What is needed
What you should give back is a precise copy of the lines below from the one containing "[Coming soon...] Zozo" through the one containing "EMBRACE_logo", with no pictures.

Data to process
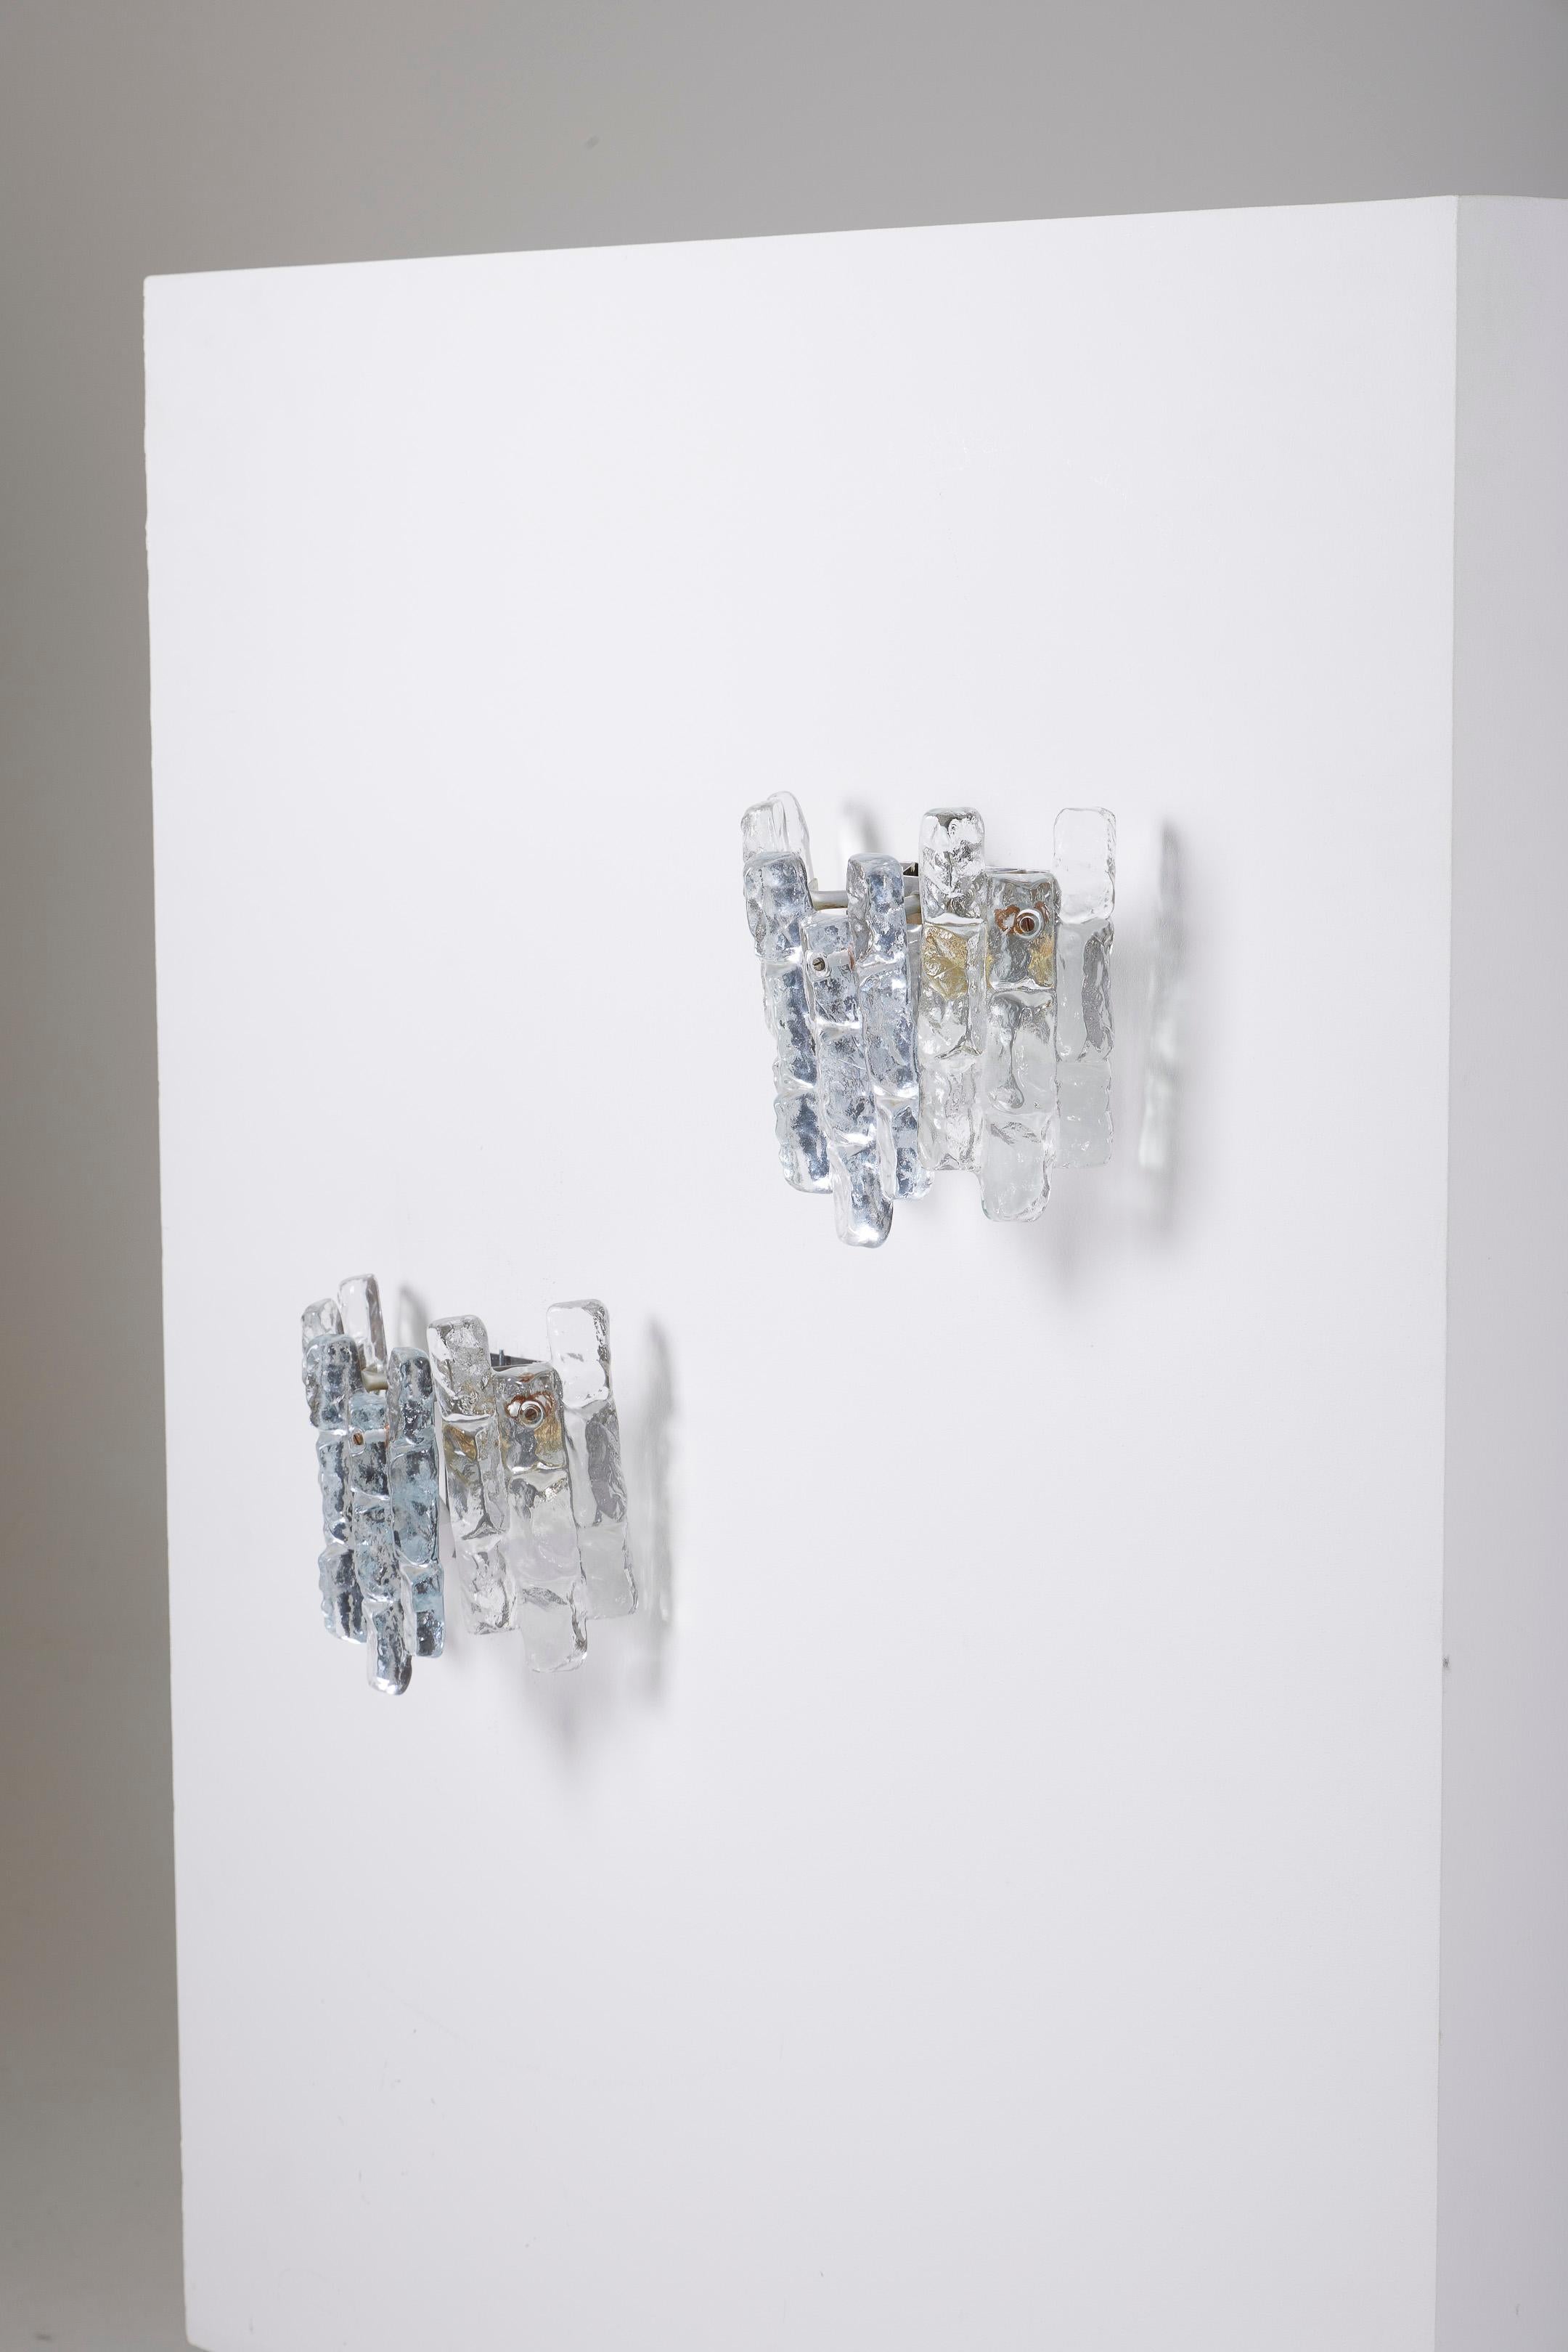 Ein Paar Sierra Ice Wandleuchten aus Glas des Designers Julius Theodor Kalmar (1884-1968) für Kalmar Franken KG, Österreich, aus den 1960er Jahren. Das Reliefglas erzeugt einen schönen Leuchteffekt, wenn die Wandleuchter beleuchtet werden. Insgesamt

...

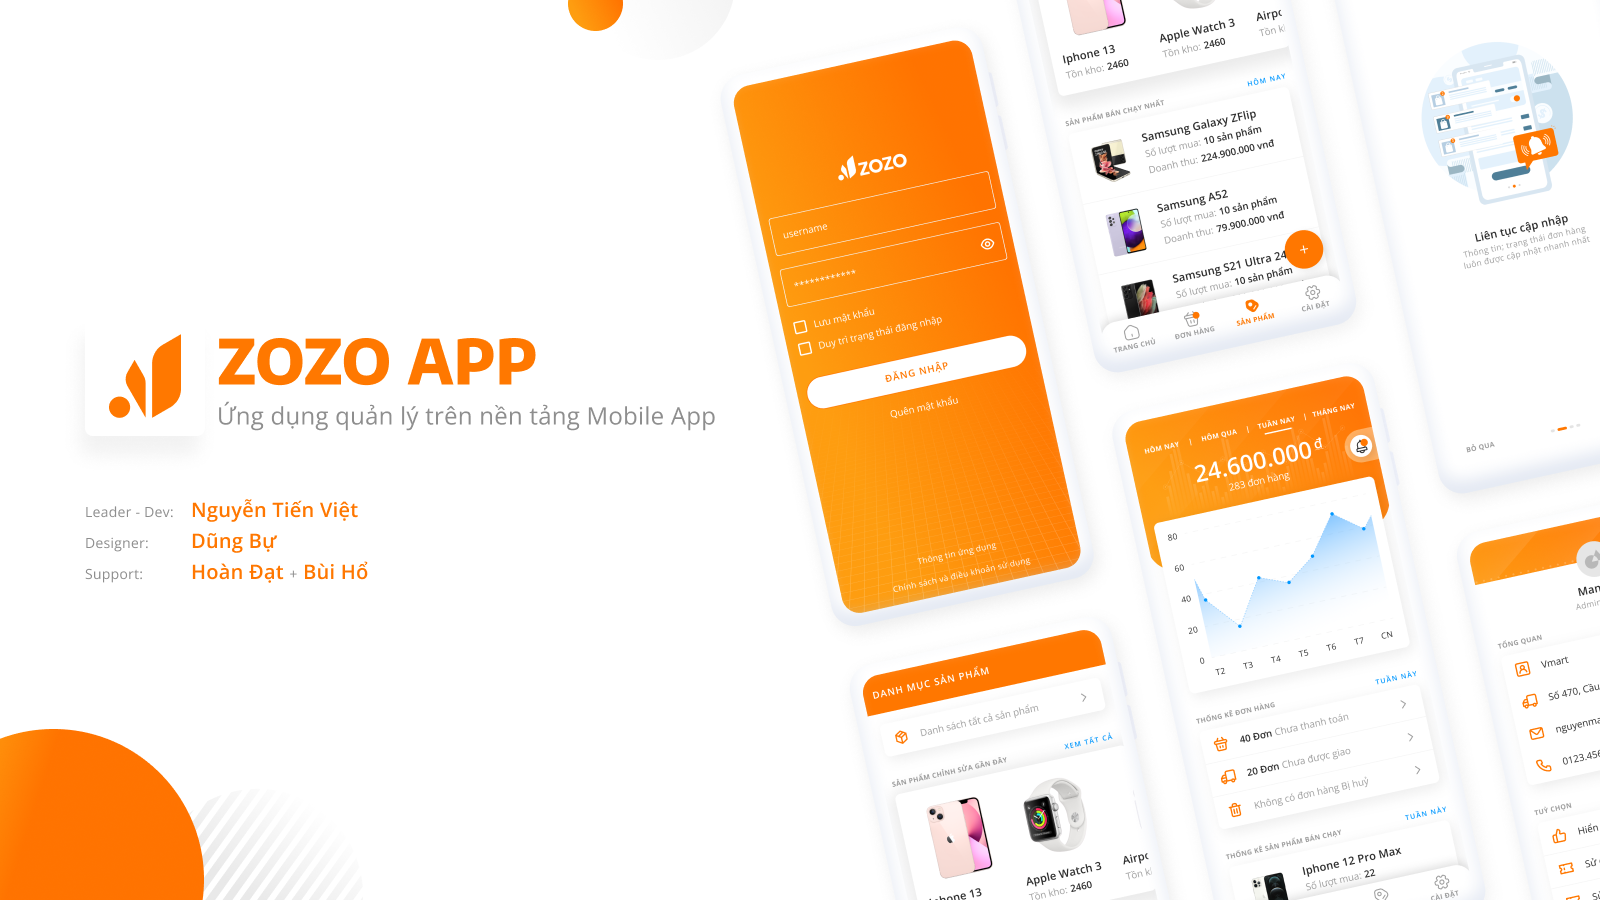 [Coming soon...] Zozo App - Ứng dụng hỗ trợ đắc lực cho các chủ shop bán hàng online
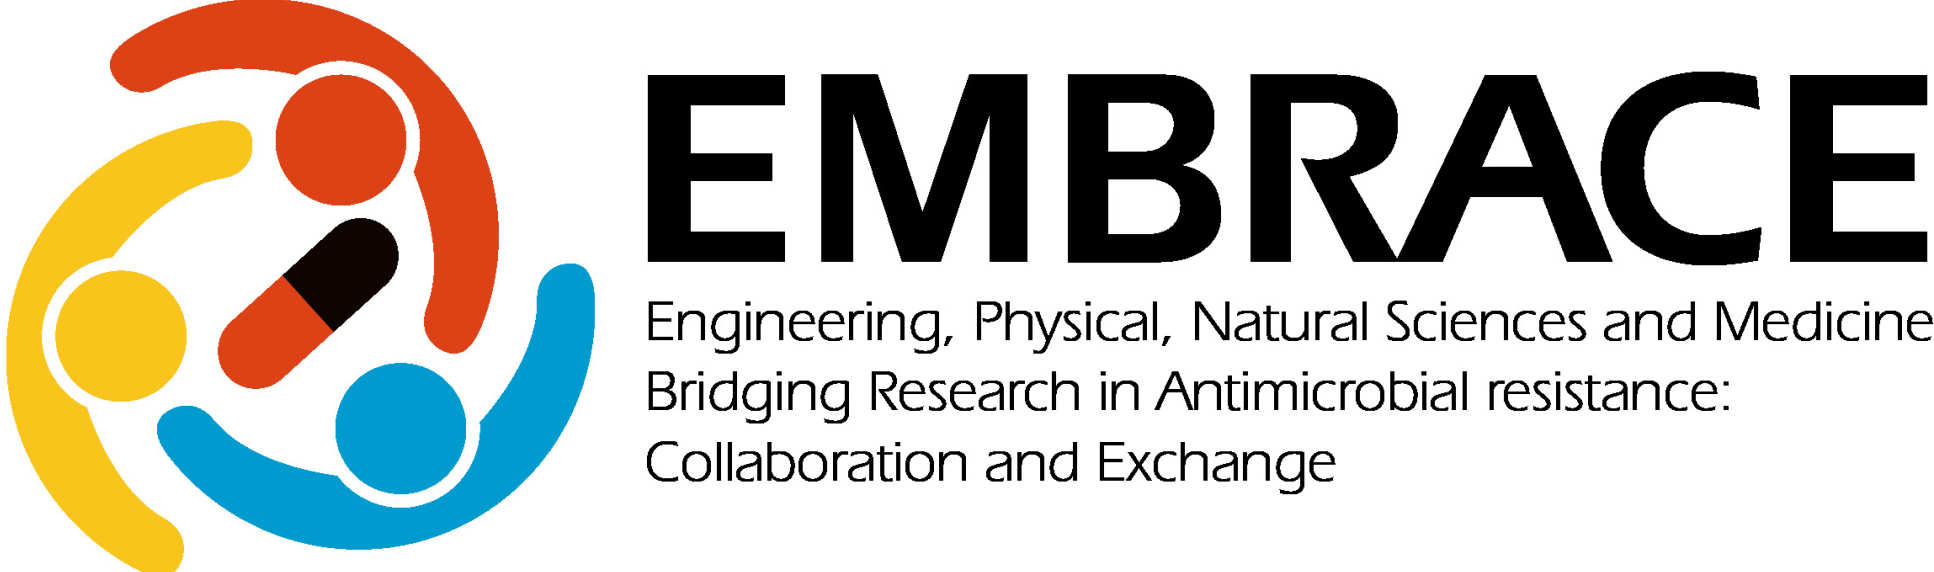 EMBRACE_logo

Answer to this exercise
 [Coming soon...] Zozo App - Ứng dụng hỗ trợ đắc lực cho các chủ shop bán hàng online
 EMBRACE_logo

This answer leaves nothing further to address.